A study conducted on people’s effectiveness at improving levels of physical activity showed that this type of friendly competition was far more efficient than social support, which had a negative effect. When comparing themselves with similar others, people could evaluate whether they had a satisfactory performance according to their potential and set new goals. On the other hand, social support was only a source of encouragement and, because there was no social comparison, people were not motivated enough to perform better.
5. Practice gratefulness
If you still find it difficult to refrain from allowing negative emotions to overcome you when you make social comparisons, practicing gratefulness will surely aid you in your quest to turn the emotions generated by social comparison into something beneficial, which will lead to self-improvement. This is because, among the many benefits generated by this practice, gratitude leads to better recognizing the obtained positive outcomes and also reduces resentment and envy.
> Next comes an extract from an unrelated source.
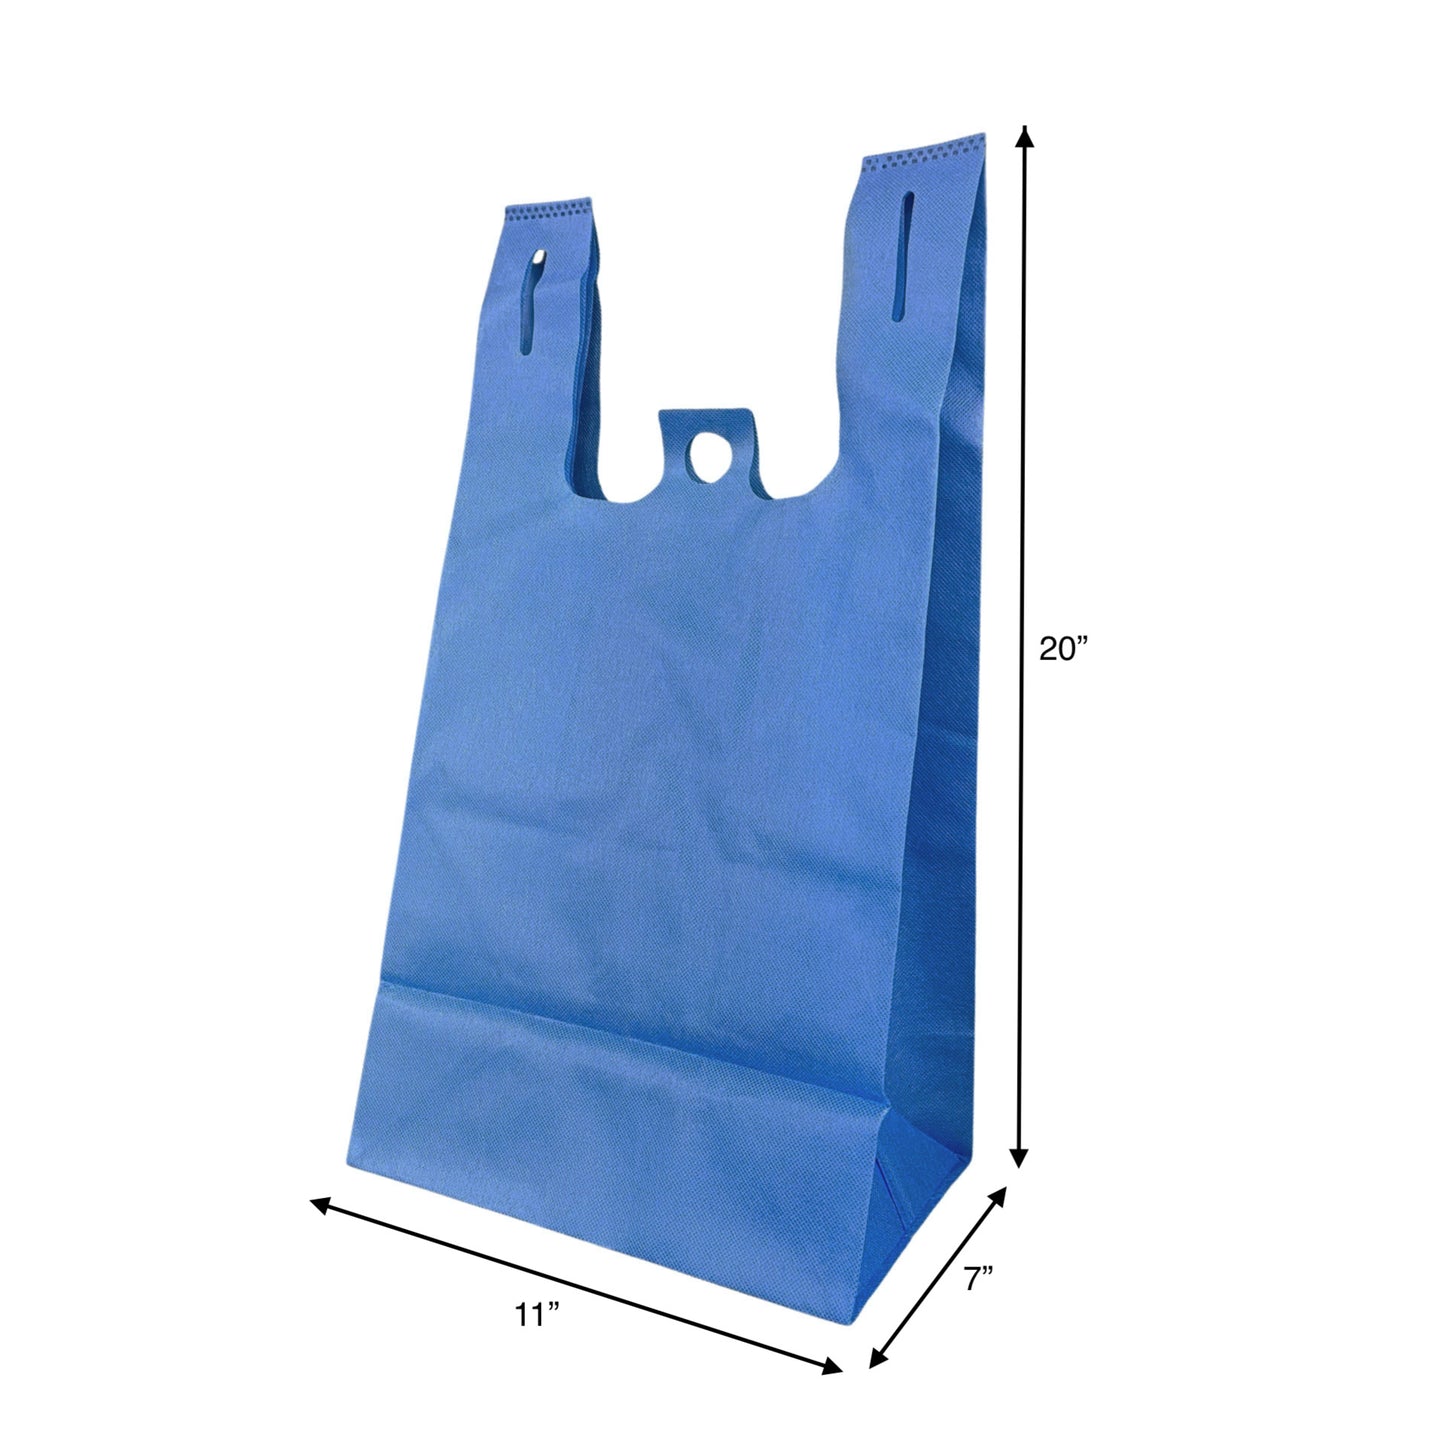 200pcs, T-Shirt Bag, 11x7x20x7 inches, Blue Non-Woven Reusable Shopping Bags, with Square Bottom

Although gratitude is a spontaneous feeling for some, anyone can deliberately cultivate it. Thus said, if you fear that comparing yourself to others will not activate your drive to self-improve, but leave you more unsatisfied with what you have already achieved, practicing gratefulness is one of your best allies.
On the whole, there are three key factors that should be kept in mind in order for the social comparison to lead to positive outcomes:
- The comparison target should be similar
- The dimension of the comparison should be relevant
- The controllability of the dimension should be taken into account
All these things considered, I believe that refraining from social comparison is a waste of a resource that could aid our self-development, and learning how to employ it wisely is a better alternative.